Потребительские заботы не приносят свободы в системе властных отношений, но создают удовлетворяющий симулякр свободы и автономии в системе частного выбора продуктов, гаджетов, мест отдыха и т.д. Естественно, потребитель благодаря функционирующей психологической защите склонен рассматривать этот симулякр не в его подлинной сути, а как истинную свободу действий.   Социально-политическая элита не пытается мотивировать общественность на строительство чего-то важного и общественно значимого. Она тоже вовлечена в потребительство, и многие ее представители озабочены только личным. Та социальная пассионарность, которую советская власть стремилась возродить в молодежи, сегодня ушла в сферу личного и стала «индивидуальной пассионарностью». Тогда энергию молодежи направляли на освоение целины, строительство электростанций и на многое другое, важное для общества в целом. Сегодня появился культ «индивидуальной пассионарности», выраженный в умелом строительстве личного счастья и благосостояния. Причем счастье представляется зависимым от материального достатка, а «счастливые» люди воспринимаются другими как объекты для подражания. Мало кто отдает отчет тому, что личное счастье этих образцовых объектов не сопряжено с социальным благом (нередко достигается социально вредными формами деятельности), поэтому в моральном смысле не целесообразно абсолютизировать их успешность.

Даже фильмы о возможных глобальных экологических, экономических, военных и т.д. катастрофах потребителями воспринимаются в виде шоу, предмета развлечения, объекта для такого же потребления, как тушь и помада. Они не пугают, не возмущают, не инициируют мыслительный процесс. Они просто развлекают. Все, кроме личных бед, воспринимается как бы через экран, который диссоциирует зрителя от реальности, превращает реальность в наделенный притягательными потребительскими свойствами образ, формирует ощущение отдаленности от угроз. «Где-то, возможно, голодают дети, разрушается АЭС, бушует цунами, но завтра, в 9 или 10 утра, двери магазинов будут открыты, выйдет свежий выпуск любимой телепередачи и т.д., и т.п. Постмодернистское виртуальное пространство «отдаляет» потребителя от непосредственной реальности, воспитывает жадность и безразличие ко всему, что не затрагивает приватизированную среду» [3, с. 110].

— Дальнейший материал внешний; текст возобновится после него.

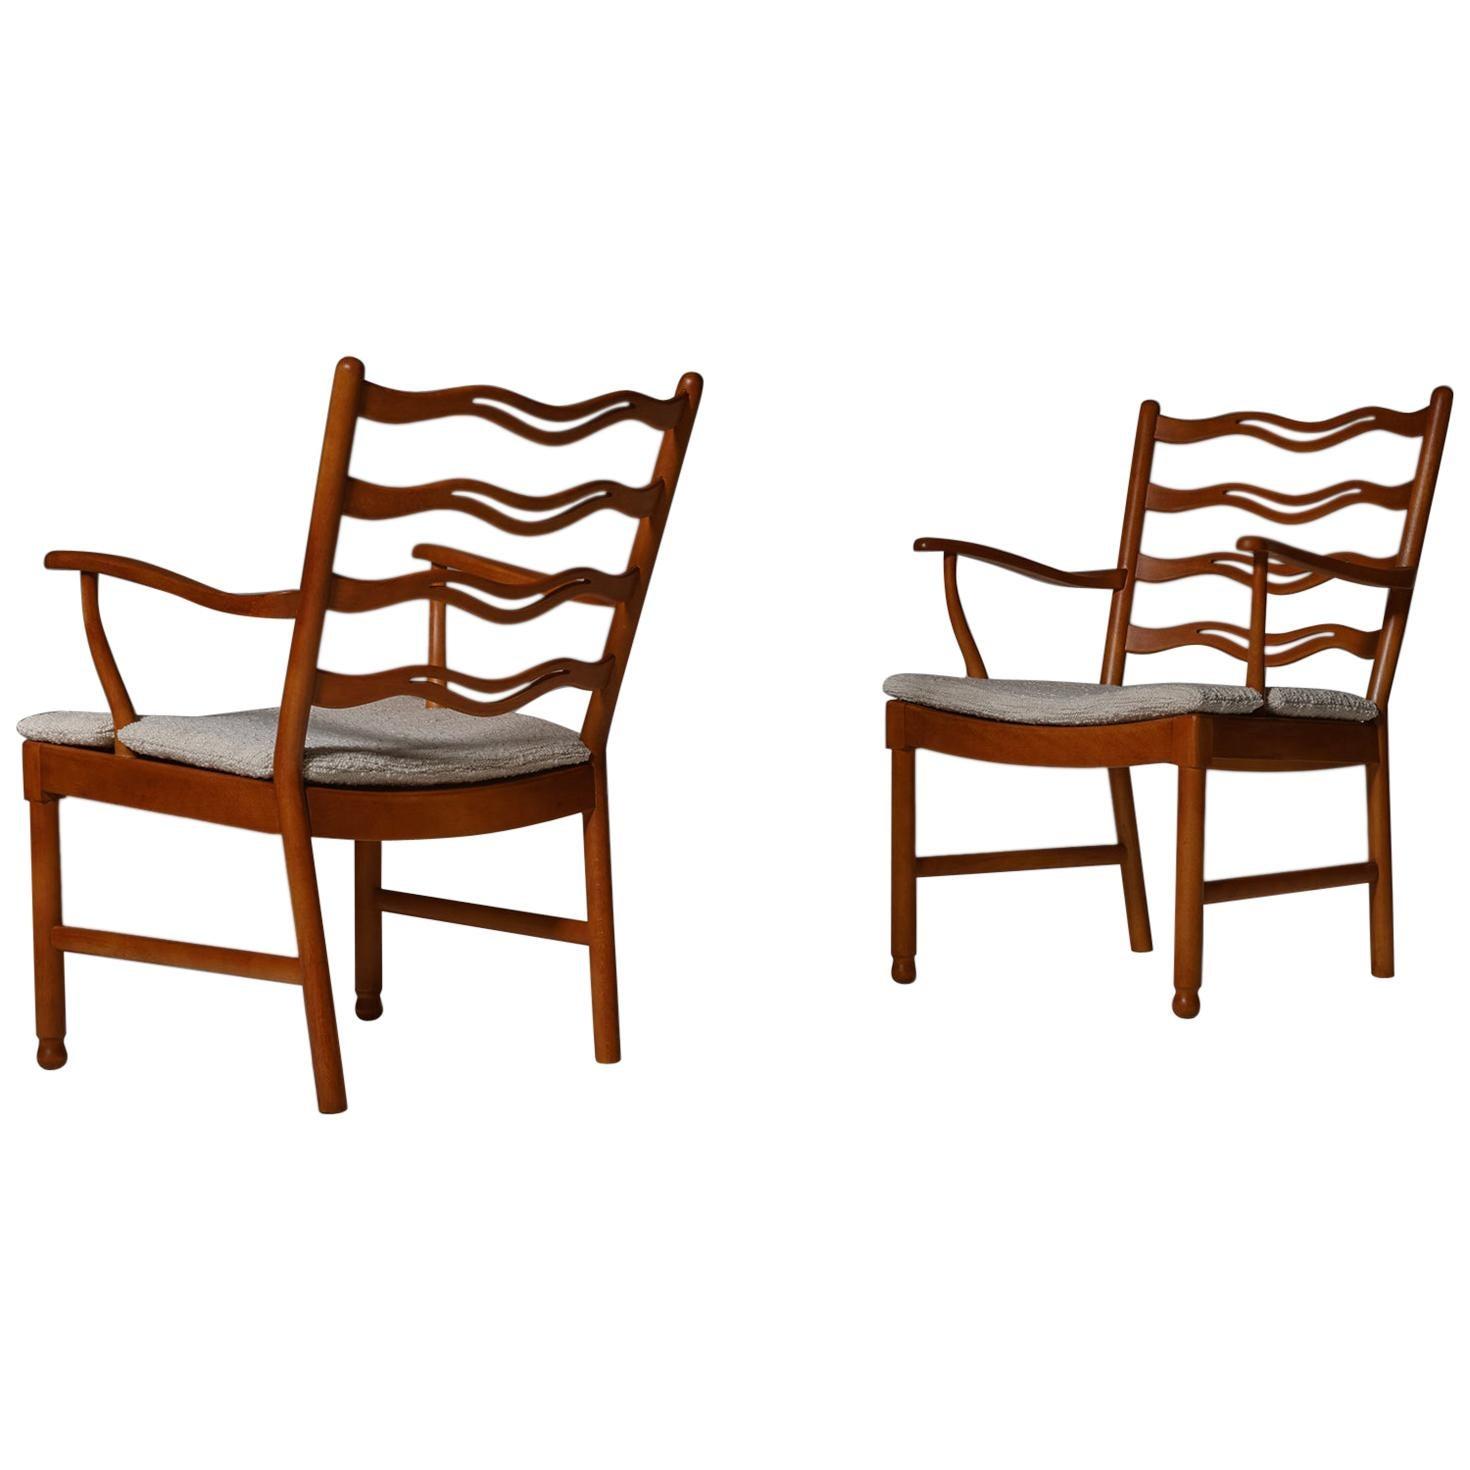 Ole Wanscher 'Model 1755' Armchairs for Fritz Hansen, Set of Two

Важные вопросы жизни общества в медийном пространстве (особенно в ток-шоу) замещаются слухами, сплетнями, местечковыми скандалами личного характера. Массовые медиа-ресурсы используются для обсуждения семейных, сексуальных и т.д. проблем. Политическая и социальная реальность подменяется идеализированной бытовой реальностью. Подмена серьезного «откровениями» индивидуально-местечкового одерживает верх и учит людей замыкаться в себе, в своих личных проблемах и в решениях своих личных проблем. Она не учит объединяться, смотреть за линию горизонта, видеть за деревьями лес, мыслить о значительно более глобальном и серьезном, чем правильный выбор товара в магазине.   Гламуризация масс-медиа забалтывает, пропевает и затанцовывает реально актуальное и социально проблемное. Политические распри превращаются в пародию на соперничество, которую транслируют в развлекательных телешоу. Политика стала массовым развлечением. В России, пожалуй, апогеем развлетательности политики стало выдвижение кандидатуры лидера рок-группы «Коррозия металла» С. Троицкого (Паука) на пост мэра Химок. Его предвыборные интервью были намеренно наполнены стебом, то есть абсолютно противоречащими здравому смыслу призывами и политическими планами. Кроме смеха, ничего другого они в принципе вызвать не могли.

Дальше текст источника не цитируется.